А Филипп Гуарайн, которого Небеса наделили грубоватой внешностью, но не лишили ни наблюдательности, ни здравого смысла, в свою очередь не отводил взгляда от Видаля, стараясь разгадать смысл живого интереса, светившегося в глазах менестреля; и все же не мог понять, были ли это сочувствующие глаза верного слуги, огорченного дурными вестями, какие он вынужден сообщить господину, или глаза палача, который занес над своей жертвой нож, но медлит, ибо выбирает место, где его удар причинит более всего мучений. Помня прежние свои подозрения, Гуарайн был склонен видеть именно второе; и чувство это настолько в нем возобладало, что ему хотелось взмахнуть своим посохом и сразить слугу, который наслаждался муками господина и стремился их продлить.

Наконец по лицу коннетабля пробежала болезненная судорога; и Гуарайн, видя, что губы Видаля кривятся сардонической усмешкой, не смог дольше сдерживаться и крикнул:

— Видаль, ты…

— Да, я принес дурные вести, — прервал его Видаль, — а потому я ненавистен каждому — глупцу, не умеющему отличать виновника беды от того, кто вынужден доставить о ней известие.

— К чему такое промедление? — спросил коннетабль. — Ну, менестрель, я избавлю тебя от твоей тяжкой обязанности… Что, Эвелина отказалась от меня? Позабыла?

Менестрель подтвердил это низким поклоном.

Хьюго де Лэси прошелся вдоль каменного саркофага, силясь побороть глубокое волнение.

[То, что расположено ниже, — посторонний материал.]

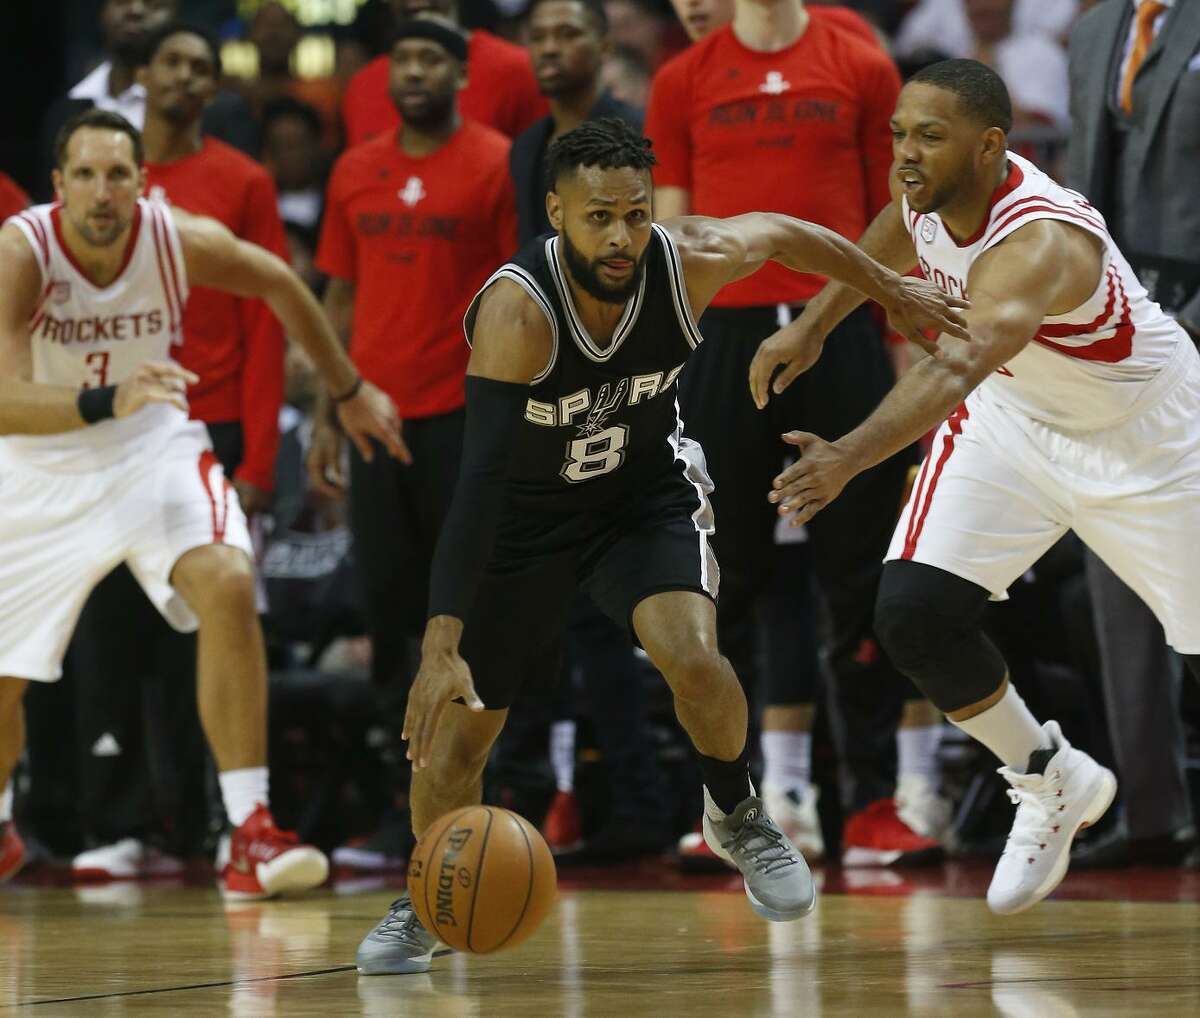 Ex-St. Mary's guard Patty Mills steps in and takes charge

— Я прощаю ей! — сказал он. — Но почему я говорю: прощаю? Увы! Мне нечего ей прощать. Она всего лишь воспользовалась правом, которое я сам ей предоставил. Срок нашего обручения истек… Она услышала о моих потерях… о моих поражениях… о крушении моих надежд и утрате состояния. И воспользовалась первой возможностью, какую дает ей закон, чтобы разорвать помолвку с человеком, лишившимся и богатства, и славы. Многие девушки поступили бы так же; это подсказало бы им благоразумие, но… этих девушек не звали бы Эвелиной Беренжер.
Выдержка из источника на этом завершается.